The Qwen3.5 Thinking Budget Trap Nobody Warned Me About

the setup

I've been building a local task ranker for my Apollo Dashboard — a personal cockpit that runs on localhost, reads my Things 3 (my task manager) queue, and ranks everything by priority using a local LLM.

The new backend I was adding: DFlash (block-diffusion speculative decoding, from z-lab), which runs as its OWN OpenAI-compatible MLX (Apple Silicon inference framework) server. Not Ollama. Not an Ollama backend. Its own thing — you pip install dflash-mlx, run dflash serve, and POST to /v1/chat/completions. Important distinction. "Ollama + DFlash" doesn't compose; pick one.

The model: mlx-community/Qwen3.5-9B-4bit with the paired z-lab/Qwen3.5-9B-DFlash draft.

what broke

First inference. Perfect API call. HTTP 200. JSON parses fine.

content: empty string.

finish_reason: "length".

I stared at this for an embarrassingly long time. The model wasn't erroring. It was "succeeding" — it just had nothing to say.

what I tried that didn't work

I know Qwen3 has a soft switch for disabling thinking: add /no_think to the system prompt. I'd used it before with Ollama.

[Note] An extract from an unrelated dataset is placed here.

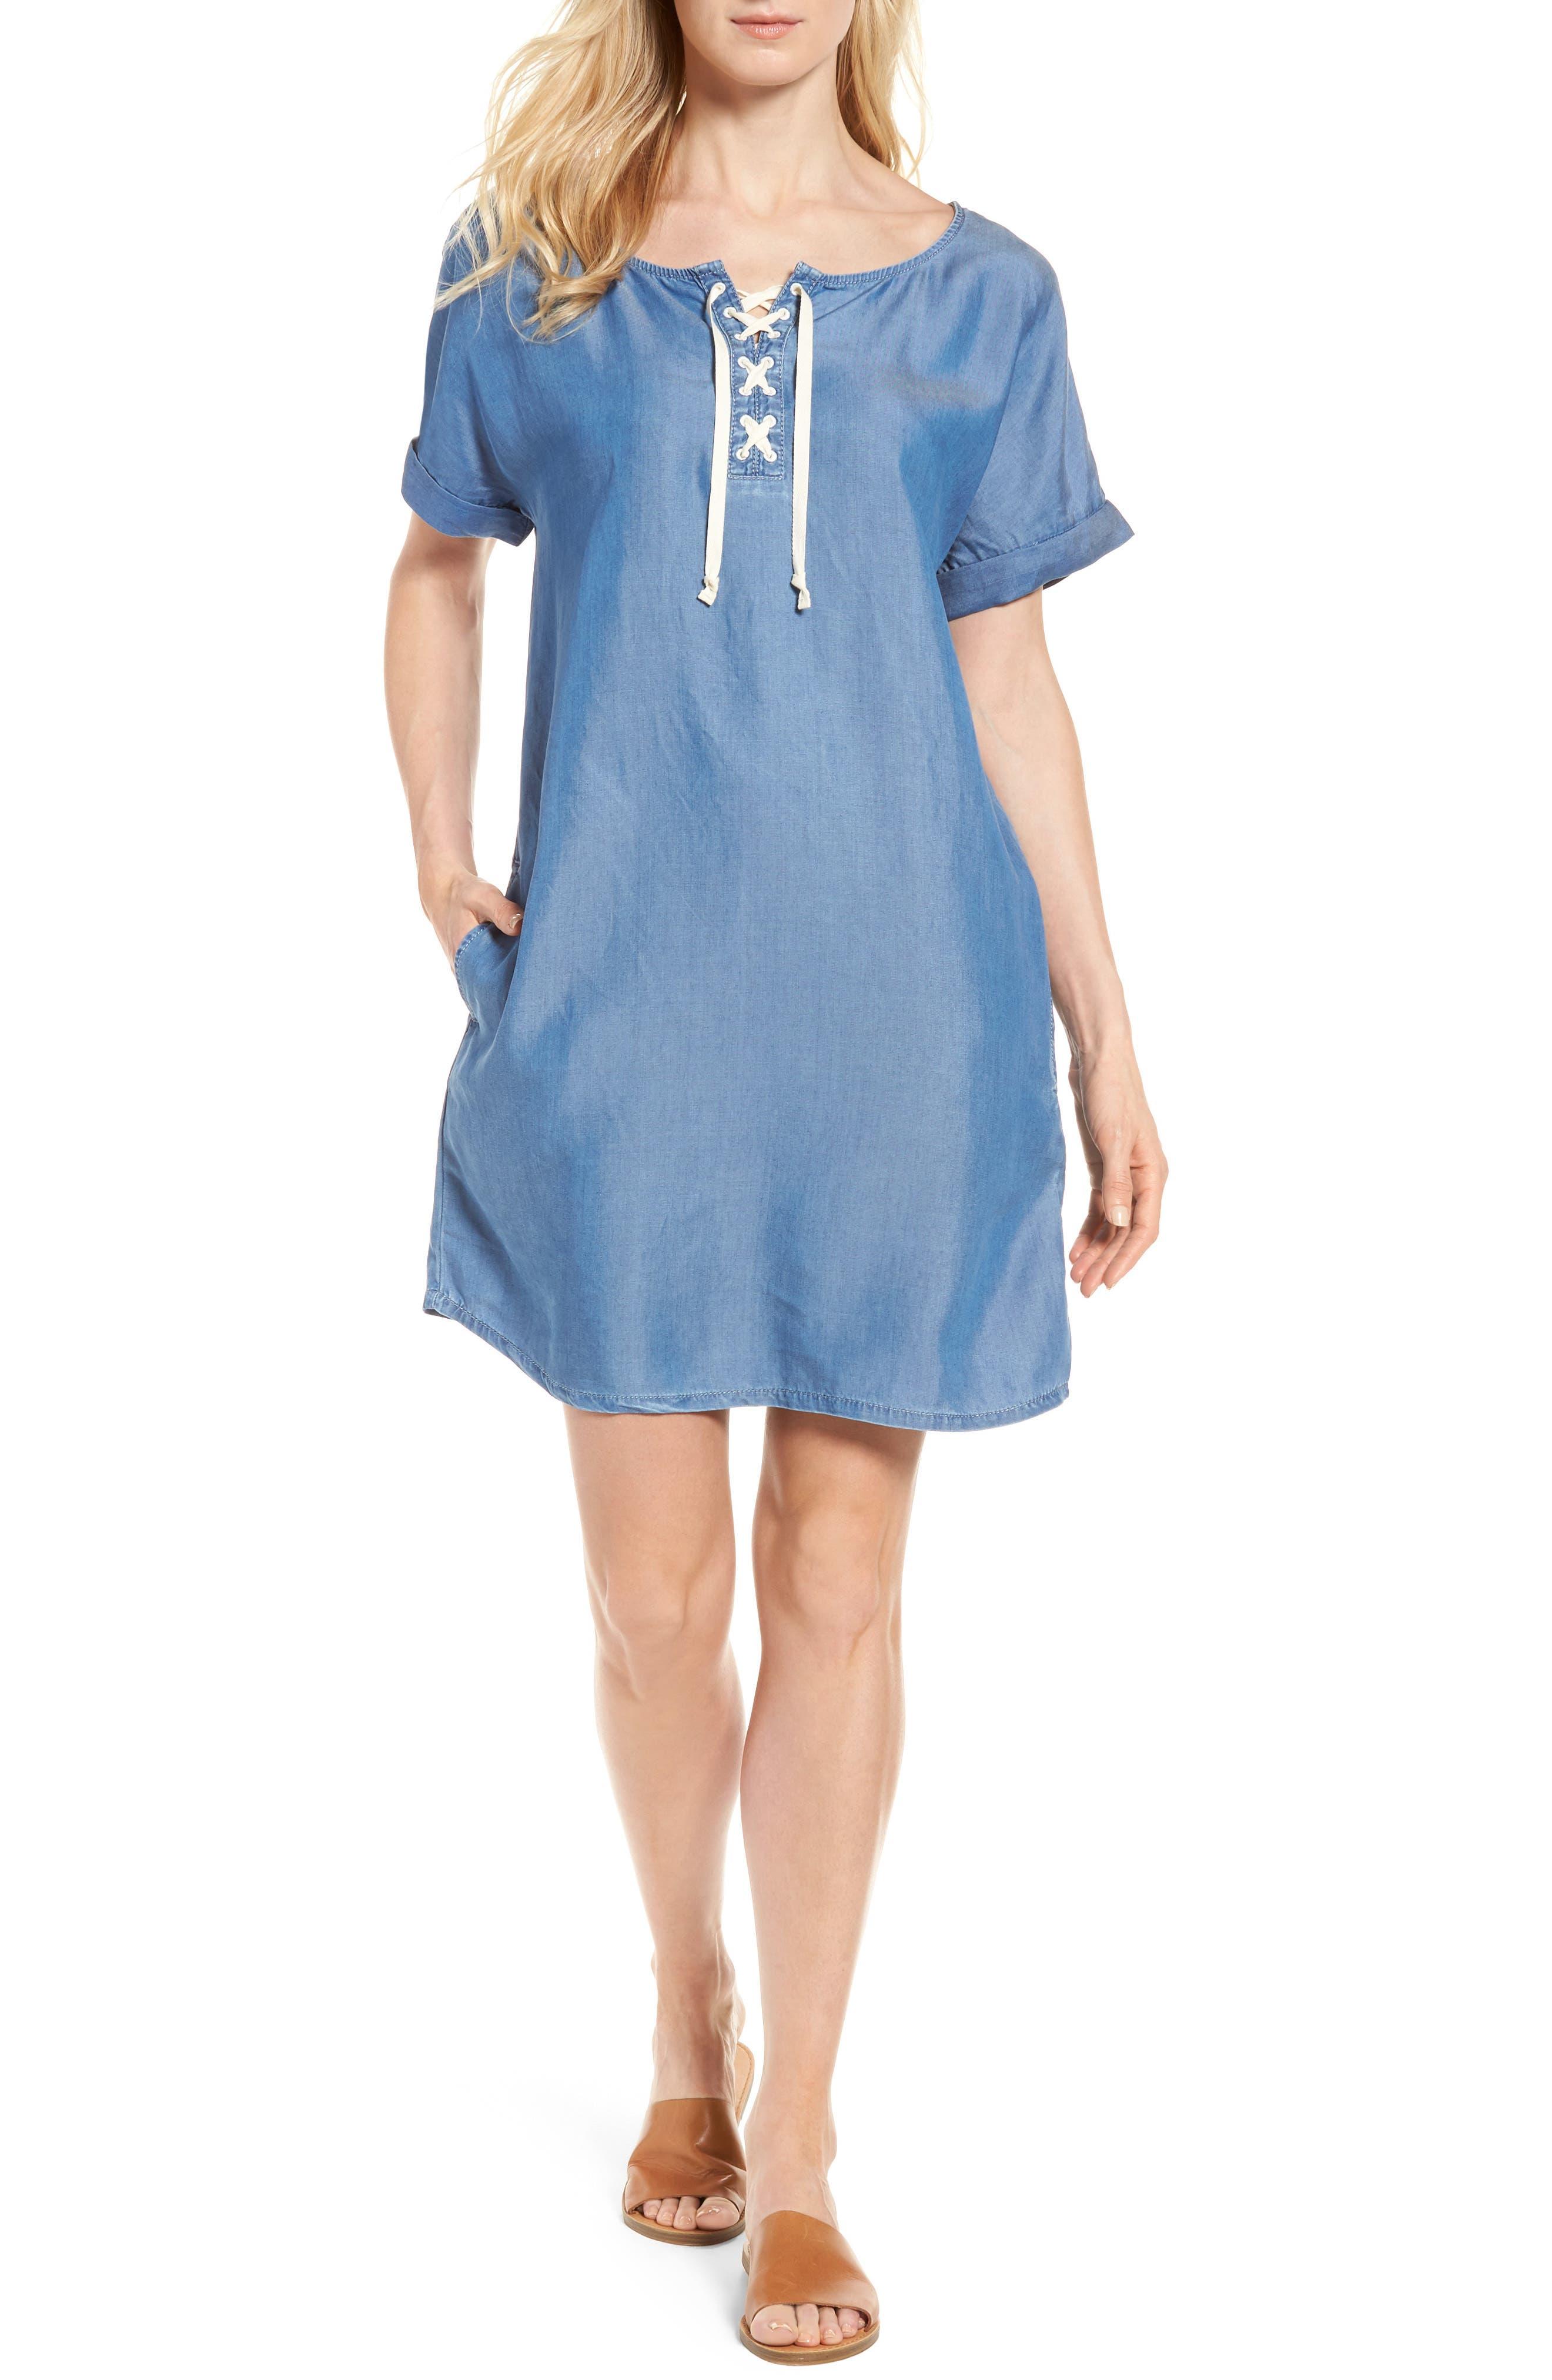 Alternate Image 1 Selected - Caslon® Lace-Up Shift Dress (Regular & Petite)

Added it. Re-ran. Same result: empty content, finish_reason: "length".

On this MLX build, the prompt-level switch is completely ignored. The model reads it, nods politely, then thinks the ENTIRE max_tokens budget into reasoning_content anyway. Every. Single. Token. And returns nothing visible.

the fix that worked

The fix lives in the request body, not the prompt:

{
  "chat_template_kwargs": { "enable_thinking": false }
}

That's it. That one key.

Sent it. Got a clean, complete JSON response back. finish_reason: "stop". 24 tasks, ranked properly.

why this matters

Qwen3.5 and Qwen3.6 are reasoning models — thinking is ON by default. If you're using them for non-reasoning tasks (JSON extraction, ranking, classification), they'll blow their entire token budget on hidden chain-of-thought and return you nothing visible. The empty content + finish_reason: "length" combo is the signature. Recognize it.

The prompt soft switch (/no_think) may work in other runtimes. It did not work here. Don't rely on it for MLX builds. Use chat_template_kwargs at the API-body level — that's the only thing that held.

And the payoff once I got there?

DFlash on M4 Max beat Ollama qwen2.5:7b on both speed AND quality. Warm inference ~12.6s / ~63 tok/s vs Ollama's ~17.9s / ~28 tok/s. But here's the part I didn't expect: DFlash ranked 22 of 24 tasks correctly. Ollama 7B got 7.

The quality delta was the real win. 9B > 7B, even without M5's NAX matrix kernels (my M4 Max falls back to slower "steel" kernels — on M5 the gains would be bigger).

Fix the thinking flag first. Then care about speed.

P.S. One more: the serve flag is --draft-model, not --draft. That one got me too.